Ein Waldkindergarten entspricht offensichtlich nicht diesen Mindestanforderungen, da er im Freien stattfindet. Das Volksschulamt hat denn auch für Waldkindergärten spezielle Anforderungen festgelegt, welche sicherstellen sollen, dass der Lehrplan eingehalten wird, bei extremen Wetterbedingungen ein geeigneter Raum zur Verfügung steht, geeignete Vorkehren bei Fehlen von sanitären Anlagen getroffen werden, und die Sicherheit der Kinder gewährleistet ist. Es wird auch ausdrücklich festgehalten, dass das Angebot auf Freiwilligkeit basiert und die Eltern die Möglichkeit haben müssen, ihre Kinder am Wohnort in einen regulären Kindergarten zu schicken. Letzteres leuchtet auch ein, bewegt sich doch ein Waldkindergarten im Hinblick auf den Anspruch auf einen genügenden, allen offen stehenden Grundschulunterricht gemäss Art. 62 Abs. 2 BV in einem Graubereich.
In den Richtlinien des Volksschulamts wird festgehalten, dass einzelne oder wöchentliche Waldtage oder -halbtage nicht unter den Begriff «Waldkindergarten» fallen.
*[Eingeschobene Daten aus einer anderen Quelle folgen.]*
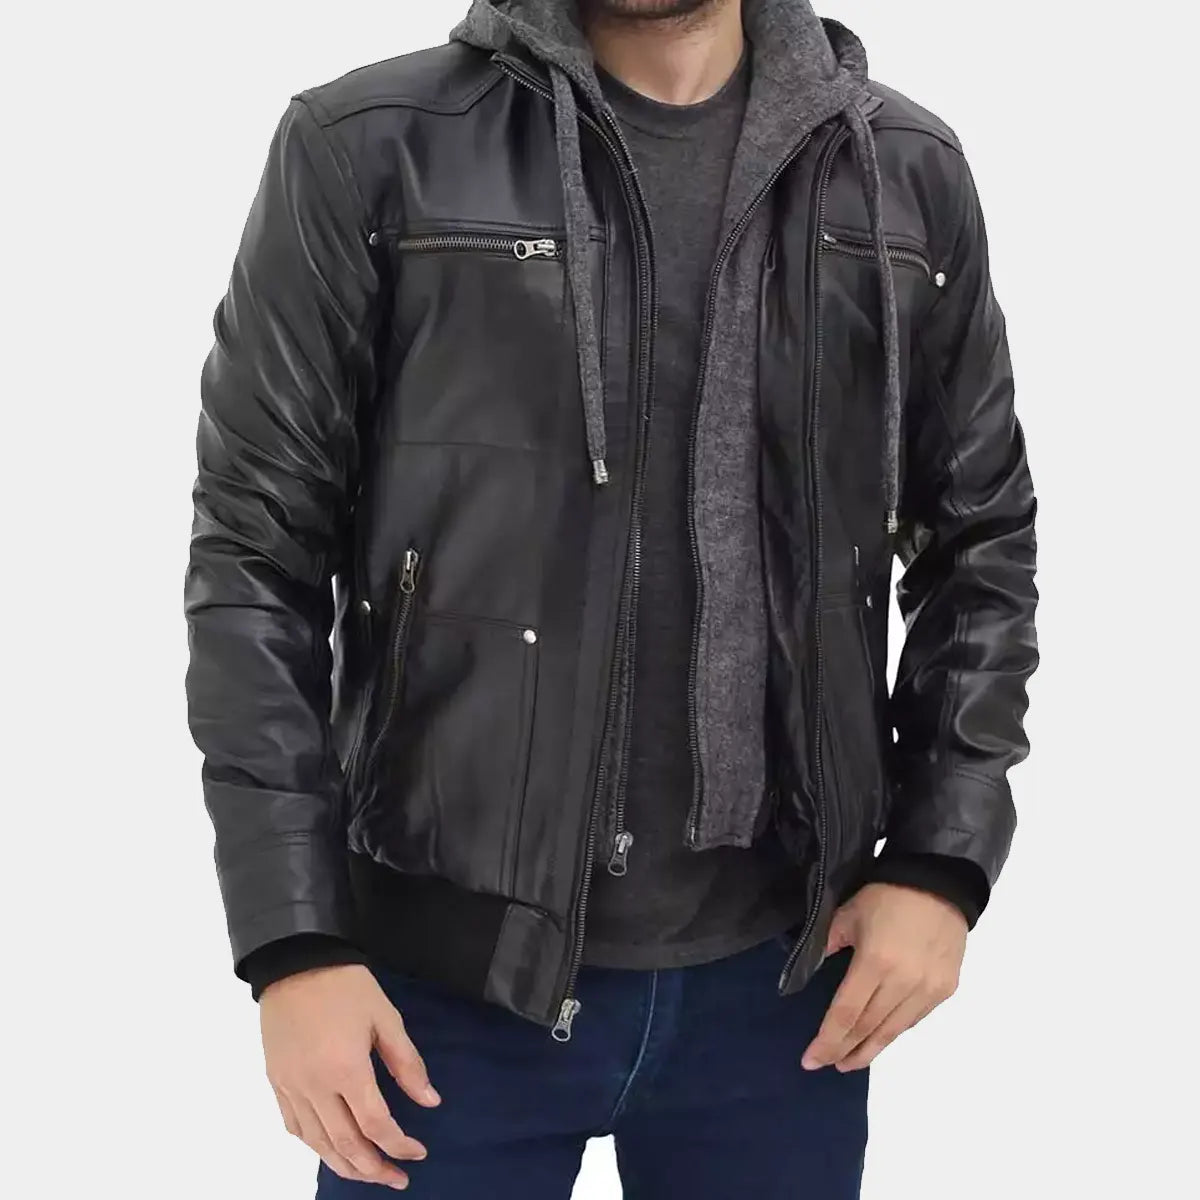 Mens Black Leather Jacket With Grey Hoodie

Die Primarschule X schliesst daraus, dass ihr «WaldZimmer-Kindergarten» nicht unter den Begriff «Waldkindergarten» fällt, weil er nur an drei von fünf Tagen draussen stattfindet. Mit «wöchentlichen Waldtagen» ist aber offensichtlich höchstens ein Tag pro Woche gemeint. Im WaldZimmer-Kindergarten der Primarschule X werden demgegenüber mehr als die Hälfte der Wochentage draussen im Wald verbracht. Auch bei schlechtem Wetter wird nicht immer auf das Kindergartenzimmer ausgewichen, sondern teilweise auch auf Spielplätze. Der WaldZimmer-Kindergarten der Primarschule X fällt damit eindeutig unter den Begriff des Waldkindergartens, welcher freiwillig ist.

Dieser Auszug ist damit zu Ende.